Twist SARS-CoV-2 Capture Panel
Sequencing runs of this capture panel generated between 0.5M and 5M reads per sample. Contrary to the multi-virus kits, between 3 and 94% of the reads mapped to the SARS-CoV-2 reference sequence for samples within groups A and B (Figure 4B). Consistent with the results obtained with the Illumina multi-viral panel, samples 4707 and 4697 showed a lower percentage of on-target reads than other samples with similar CT values. All samples of these groups had a BOC between 98 and 100%. Group C showed between 0.2 and 56% on-target reads and a BOC ranging from 28 to 100% (Table 3). With the exception of sample 4489 (as for the multi-virus panels), with 6% on-target reads and a BOC of 94%, samples of groups D and E had few on-target reads, corresponding to 0.3% and 2.7% of the SARS-CoV-2 genome, respectively. These reads were missed by both multi-virus panels tested in this study.
Taxonomic analysis of all samples showed between 1 and 96% of the reads classifying as human. As expected, the presence of human reads was higher for samples with high CT values (Figure 5C). Interestingly, samples 4544 and 4688, for which most of the reads were identified as Primate Bocaparvovirus 1 and Human orthopneumovirus, respectively, with the multi-virus panels, showed no detection of those two viruses after capture with the Twist SARS-CoV-2 Panel. Indeed, 95% of the sample 4544 data matched the human database, and 75% for sample 4688. However, we detected SARS-CoV-2 reads from sample 4688, covering 27% of the entire viral genome, confirming the presence of the virus in this sample.
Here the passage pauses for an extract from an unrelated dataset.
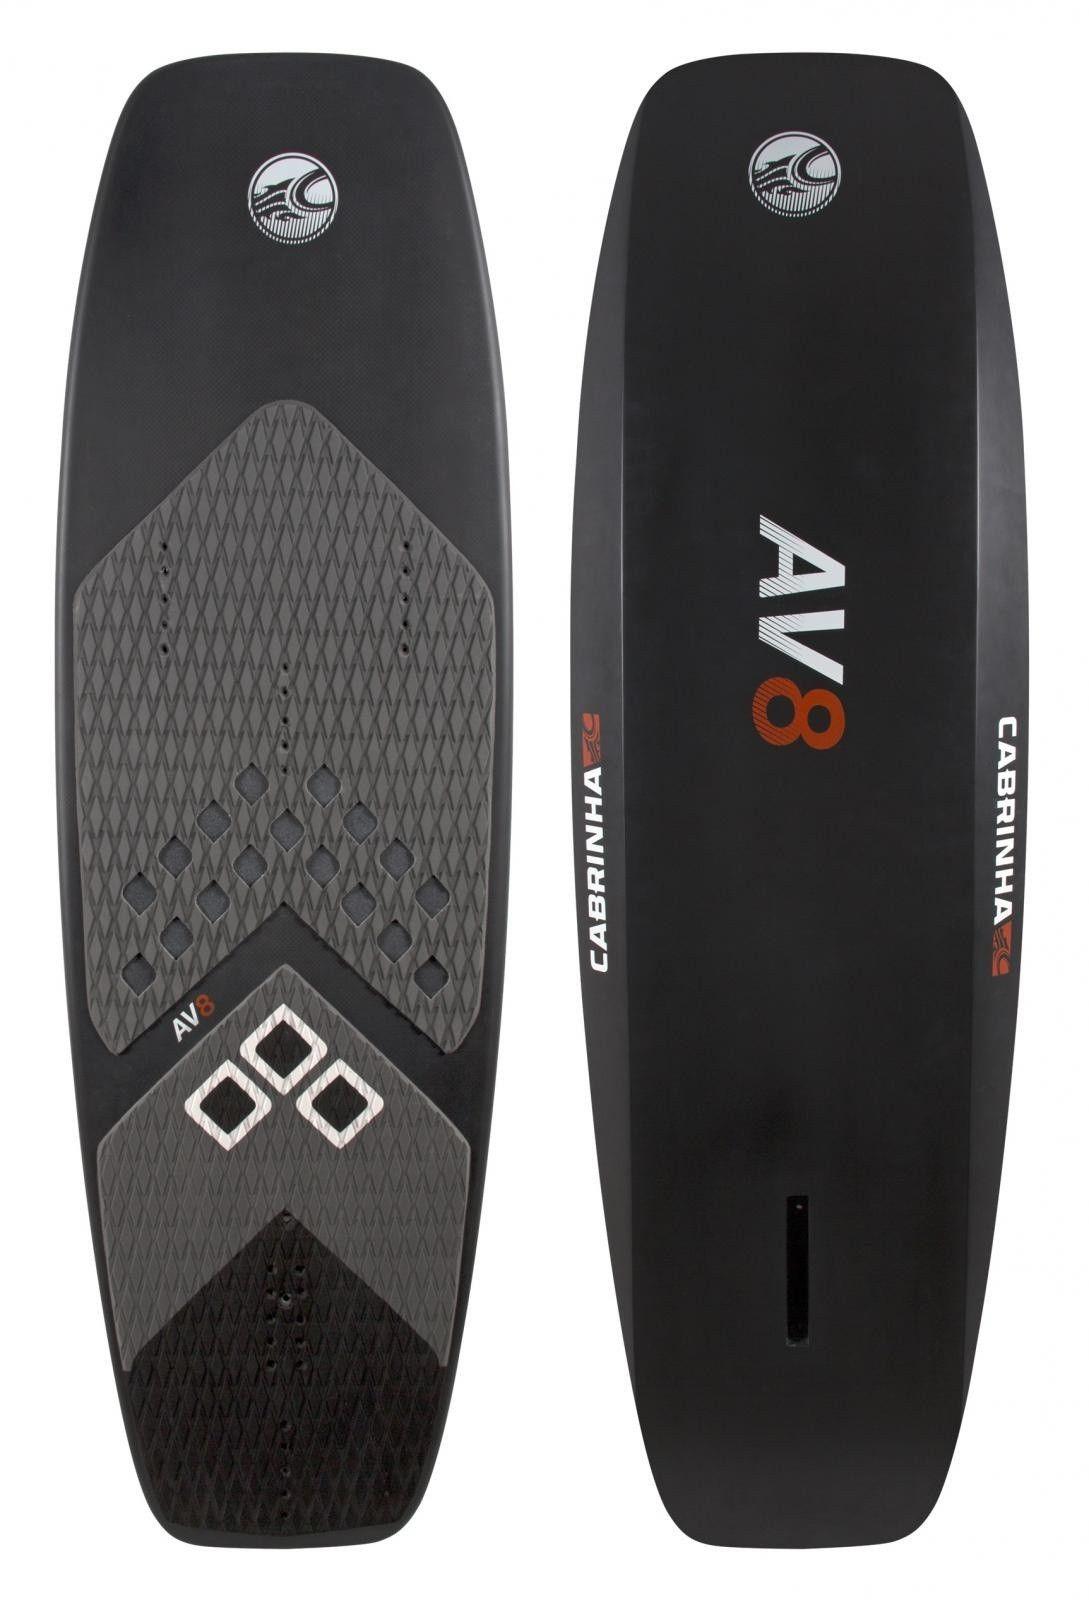 Cabrinha AV8 Foil Kite Board Only

These results suggests high specificity of the Twist SARS-CoV-2 probes to capture the virus. Even though these two samples contained an abundance of other viruses, these probes managed not only to avoid capturing them but also to specifically capture the SARS-CoV-2 reads present in sample 4688. We also observed the presence of bacteria in all samples, between 0.01% and 64%. As shown previously, samples with a high percentage of bacteria did not have a predominant phylum or species, but a mixture of dozens of different species.
Arbor SARS-CoV-2 Panel
Holmes et al. [12] demonstrated the advantages of double capture when the target genome within samples is scarce. We performed a double capture of our samples using this panel, as recommended by the manufacturer. Globally, this panel showed the best percentage of on-target reads of all panels tested, reaching up to 94% (Figure 4B). For almost all samples in which the virus was detected, the percentage of on-target reads was higher using the Arbor panel than the Twist panel. Moreover, the BOC results were very similar to those of the Twist SARS-CoV-2 Panel.
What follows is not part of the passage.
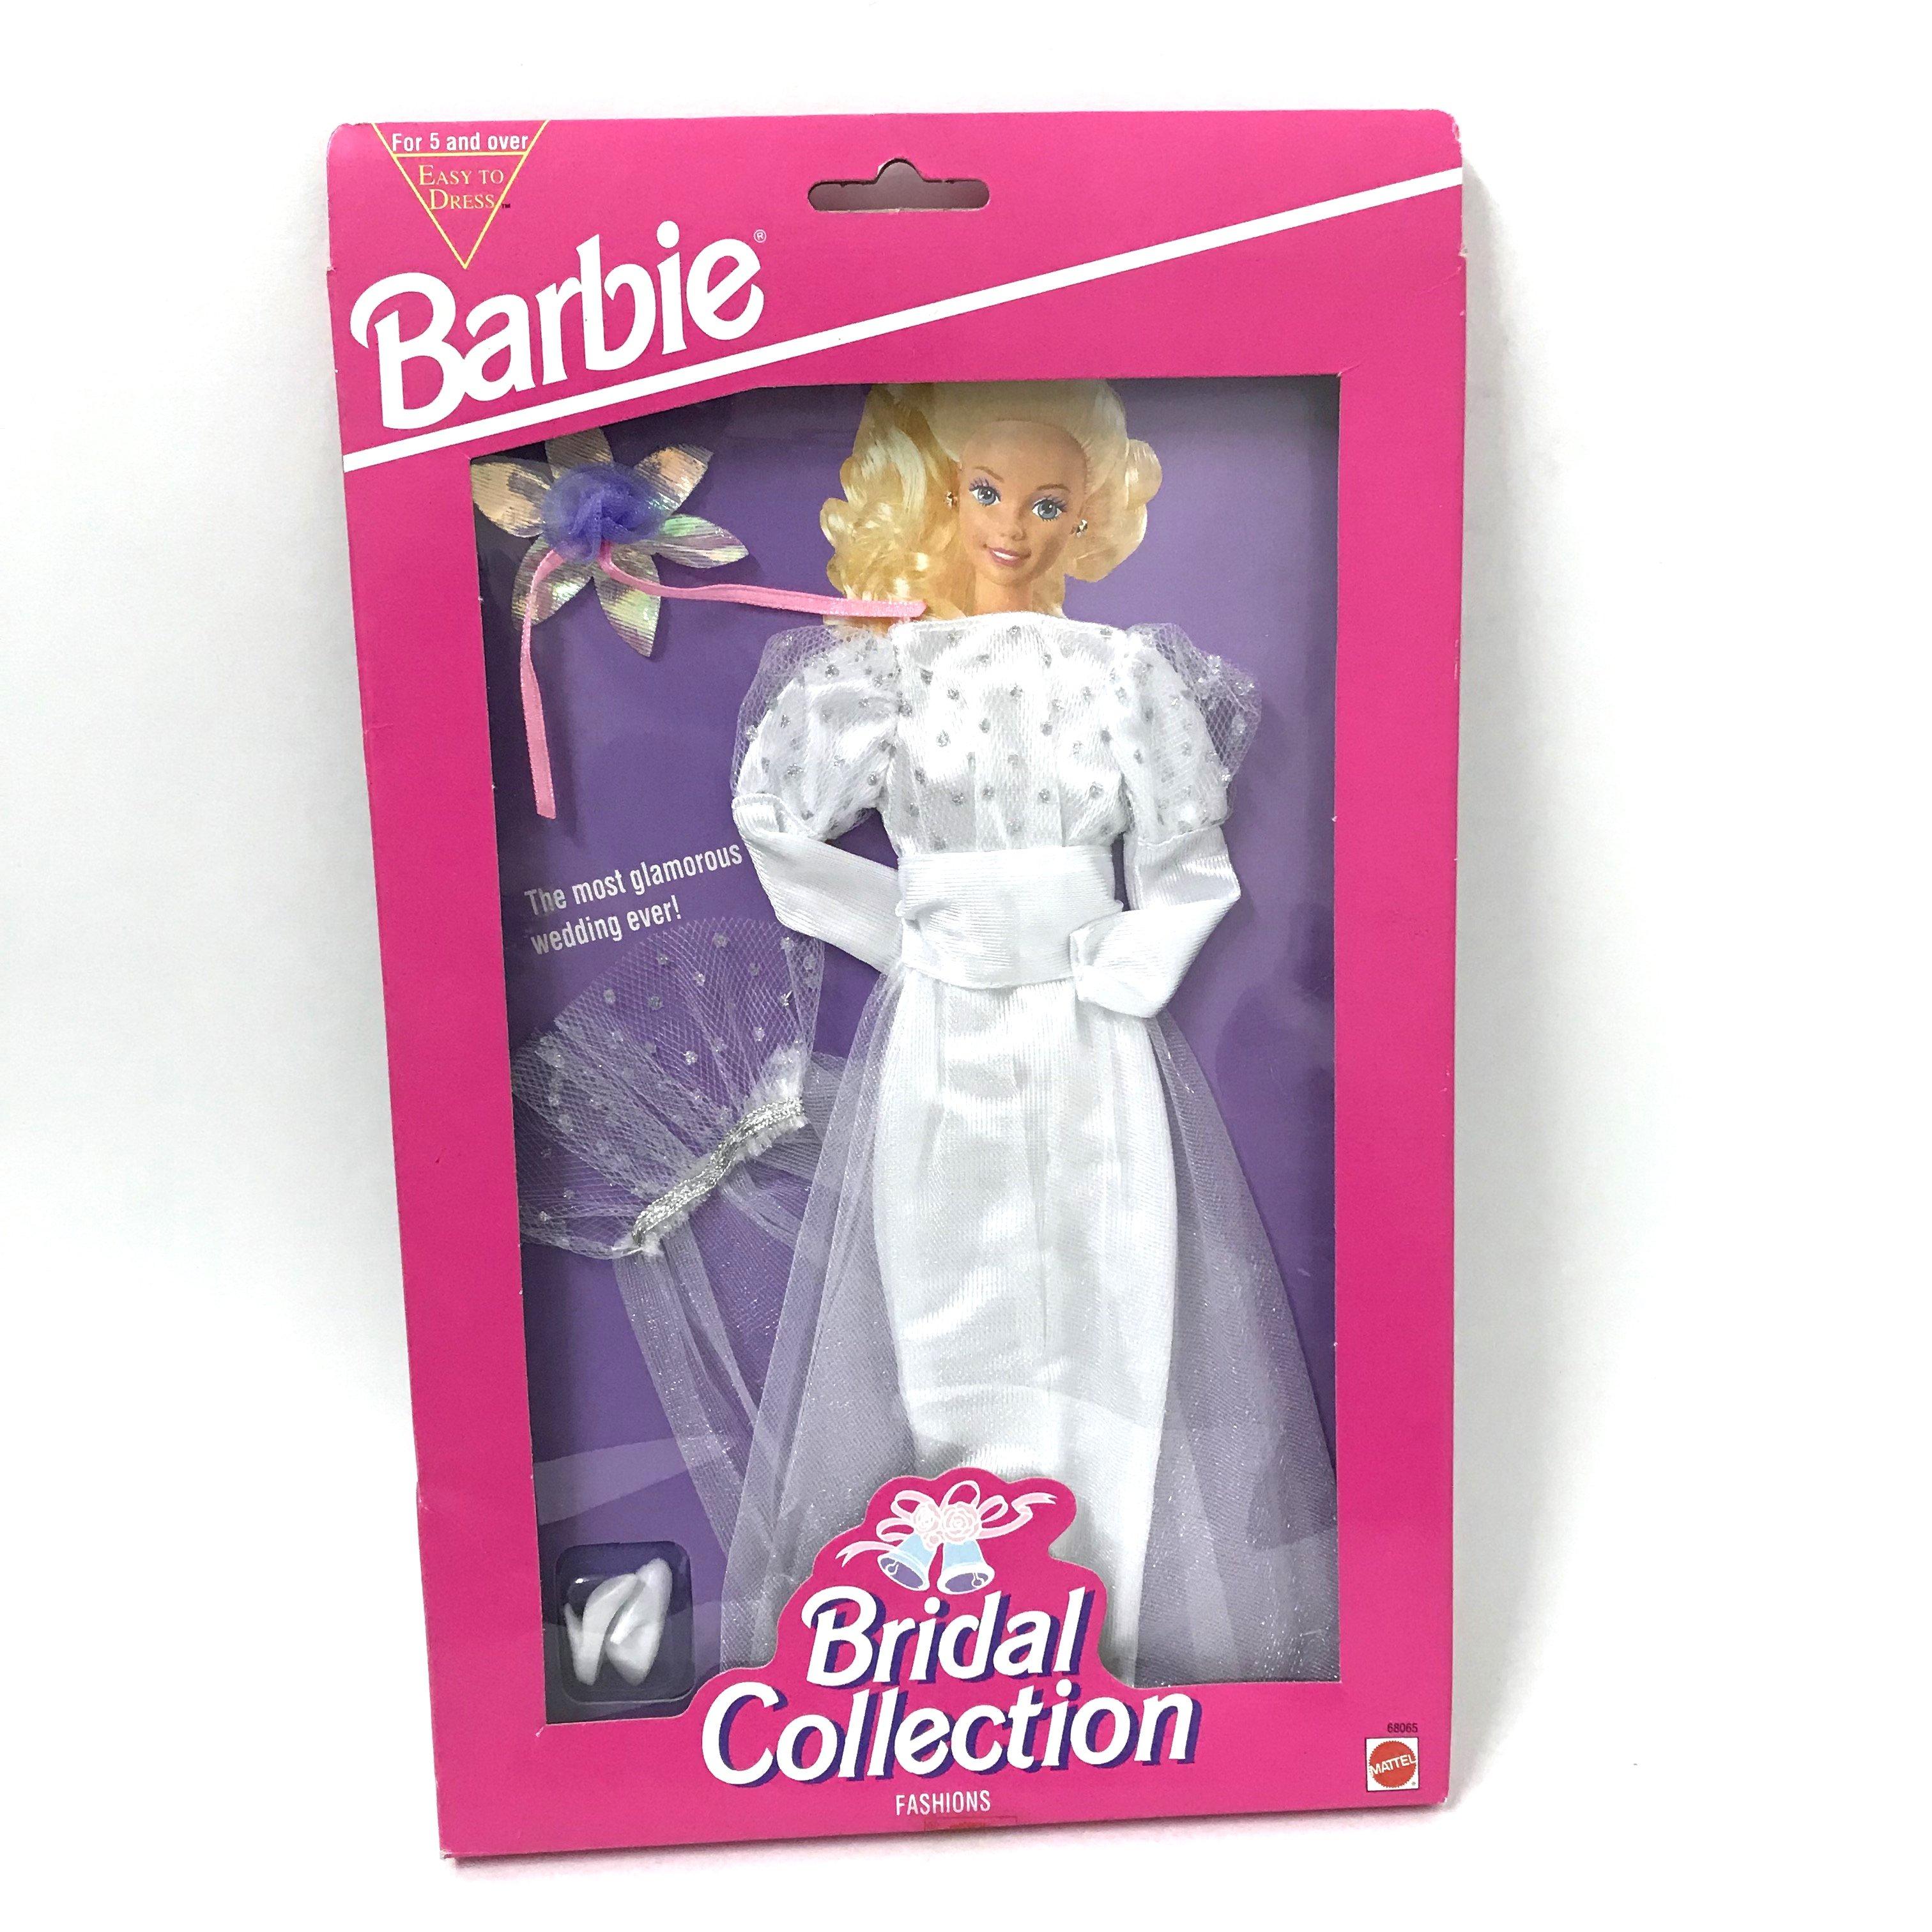 MATTEL BARBIE FASHION BRIDAL COLLECTION 68065 NIB NRFB 1993

Taxonomic analysis showed between 0.2% and 98% reads matching the human database (Figure 5D). Although the percentage of reads classified as human was equivalent to that for the Twist SARS-CoV-2 capture panel, there was a significant drop in the percentage of reads classified as bacterial, with a maximum of 7% of reads matching the bacteria database. Concerning samples 4544 and 4688, once again, we did not capture reads corresponding to the other viruses present in these samples. These results show the efficiency of this panel to specifically capture SARS-CoV-2 virus in the presence of other viral genomes. The percentage of reads targeting the human genome was 96% for both samples, suggesting that, in the absence of the target, the probes preferentially bind to sequences of the human genome rather than those of other viral genomes present in the sample.